** Supplied data follows **

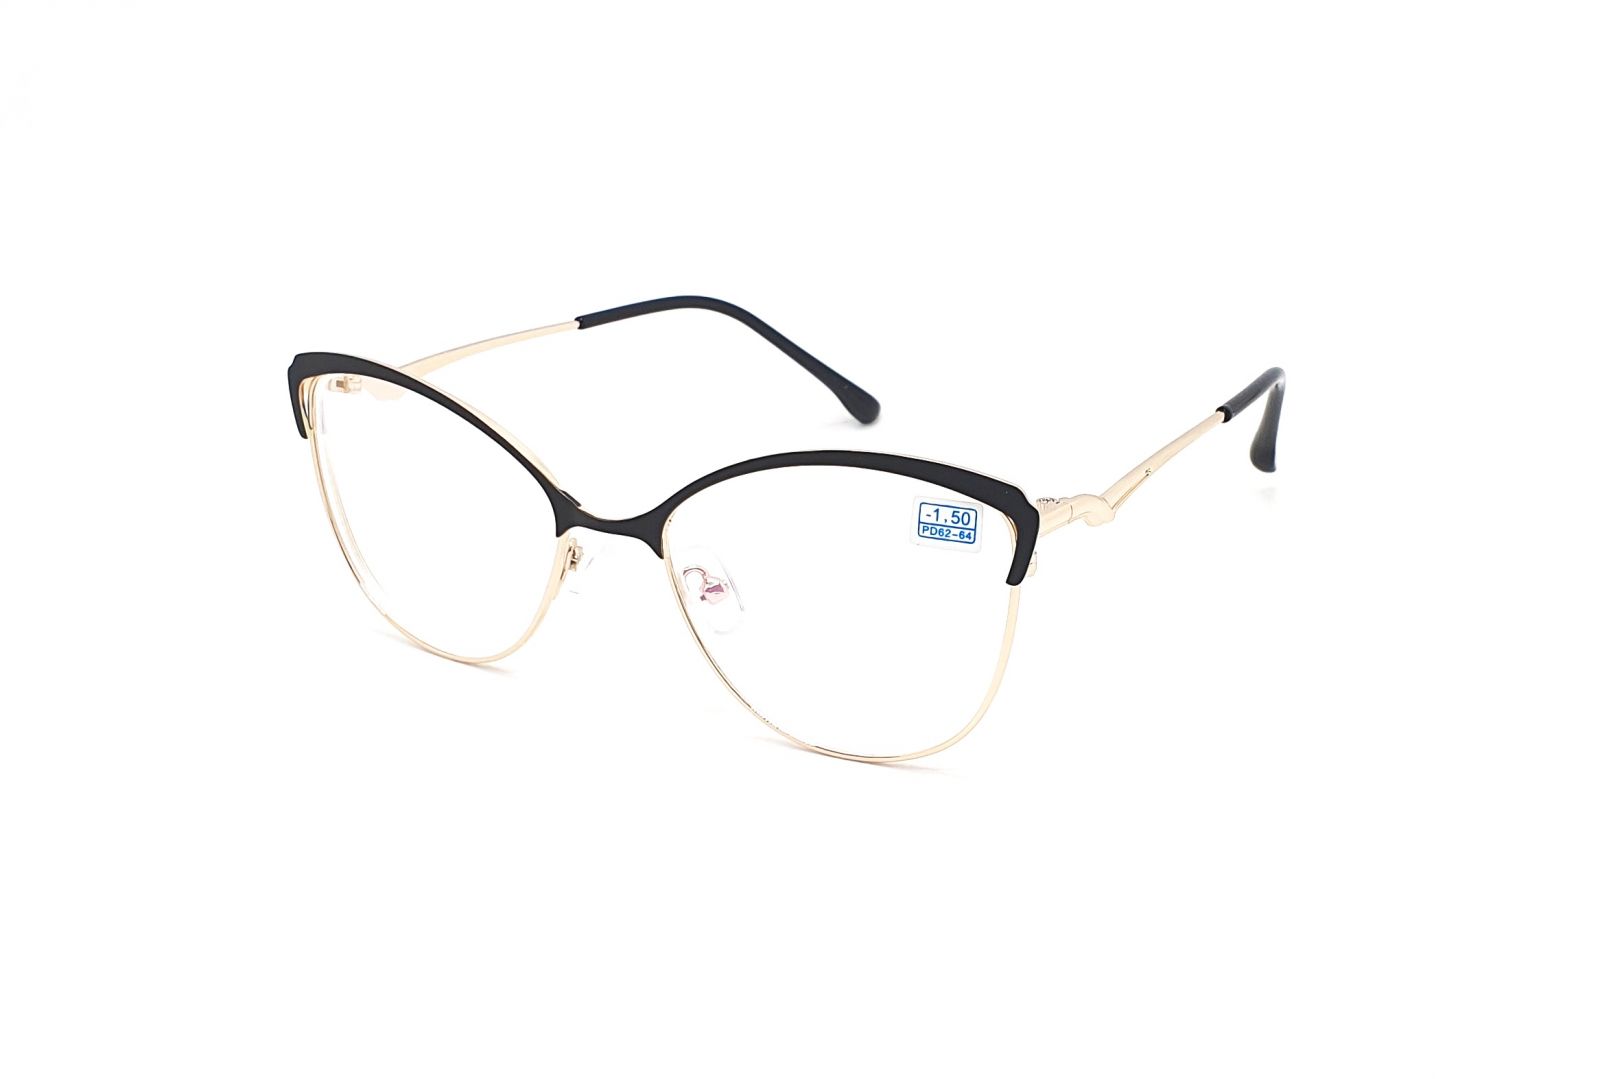 Dioptrické brýle 850 / -2,00 black/gold s antireflexní vrstvou
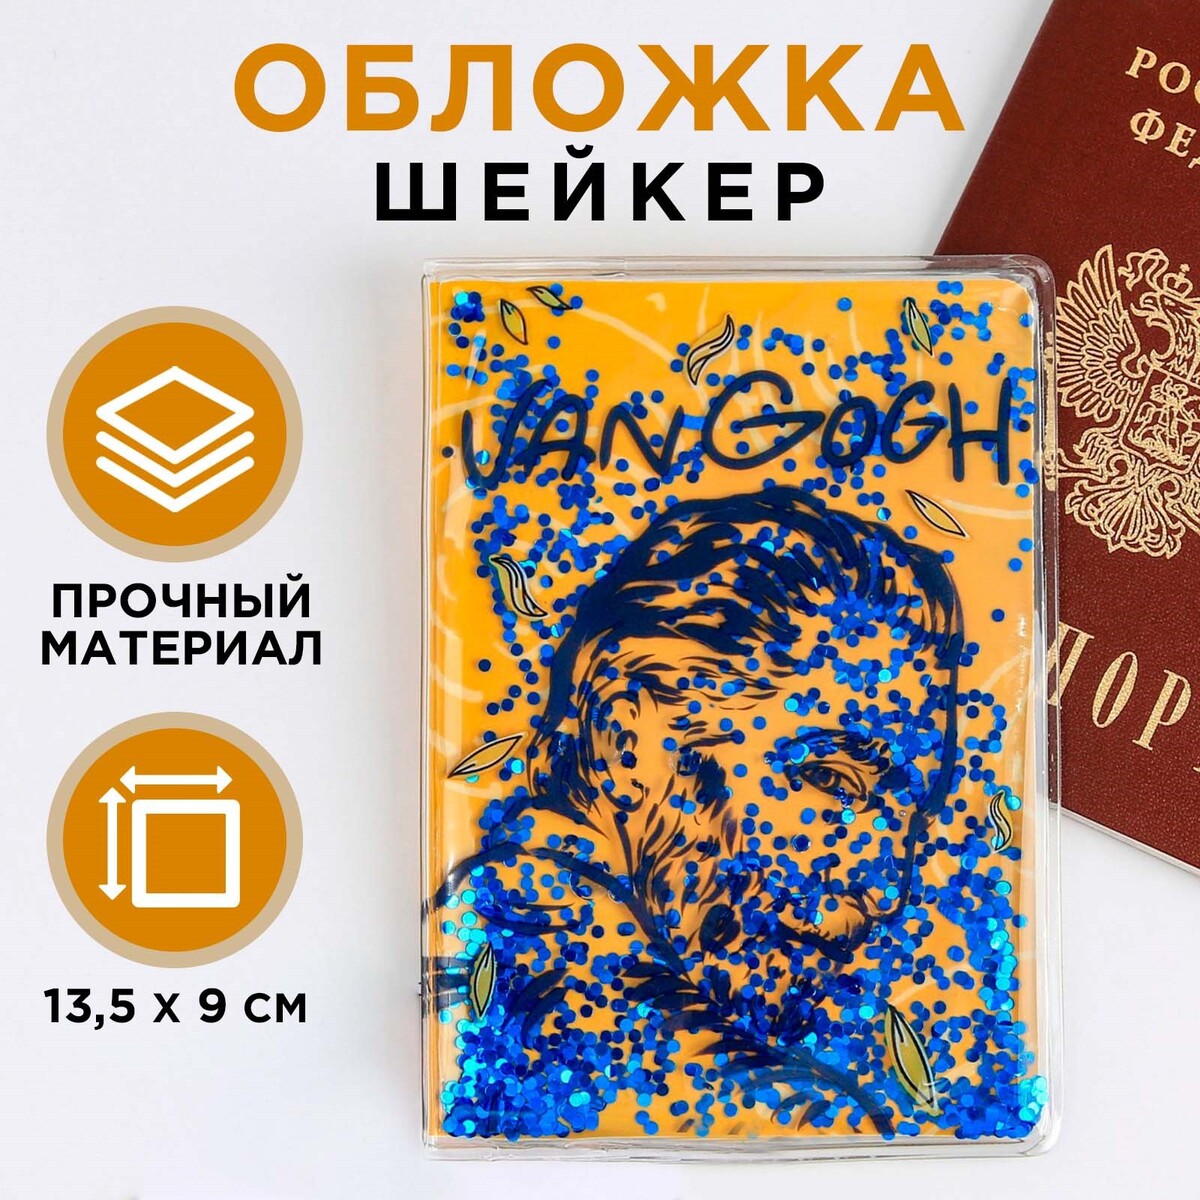 фото Обложка-шейкер для паспорта van gogh no brand
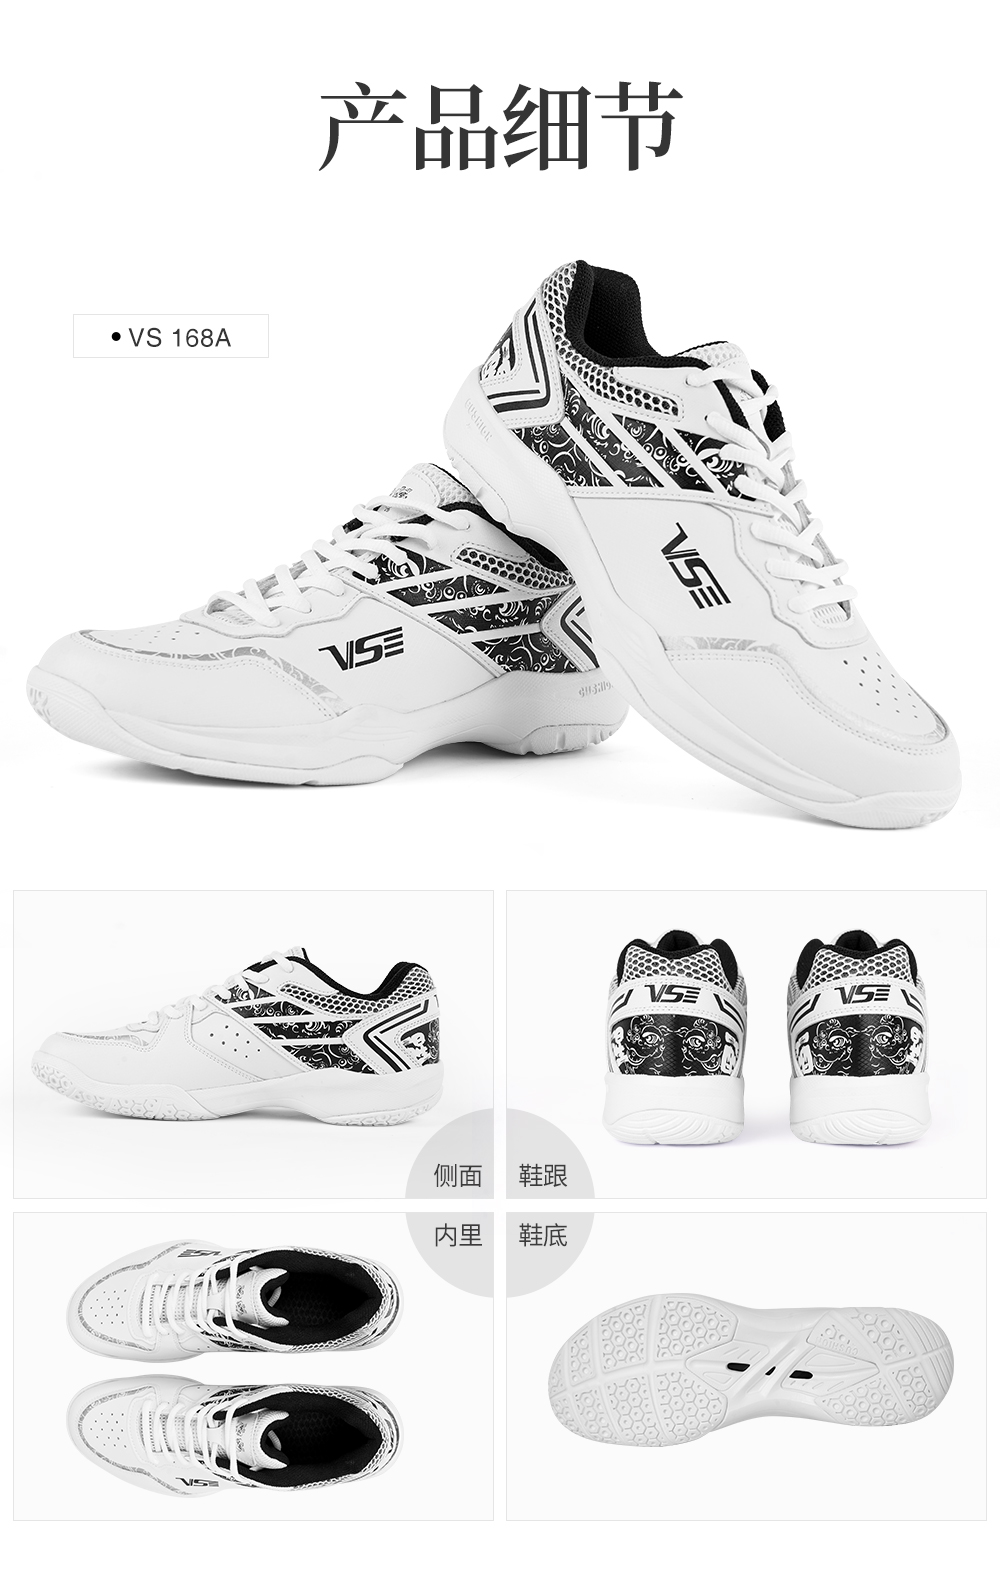 羽毛球鞋-VS168-详情-白色_09.jpg

** End of Supplied data **

» **Requirement**
Leave the pictures out and copy the rest of the data exactly.

» **Response to the task**
 Dioptrické brýle 850 / -2,00 black/gold s antireflexní vrstvou
 фото Обложка-шейкер для паспорта van gogh no brand
 羽毛球鞋-VS168-详情-白色_09.jpg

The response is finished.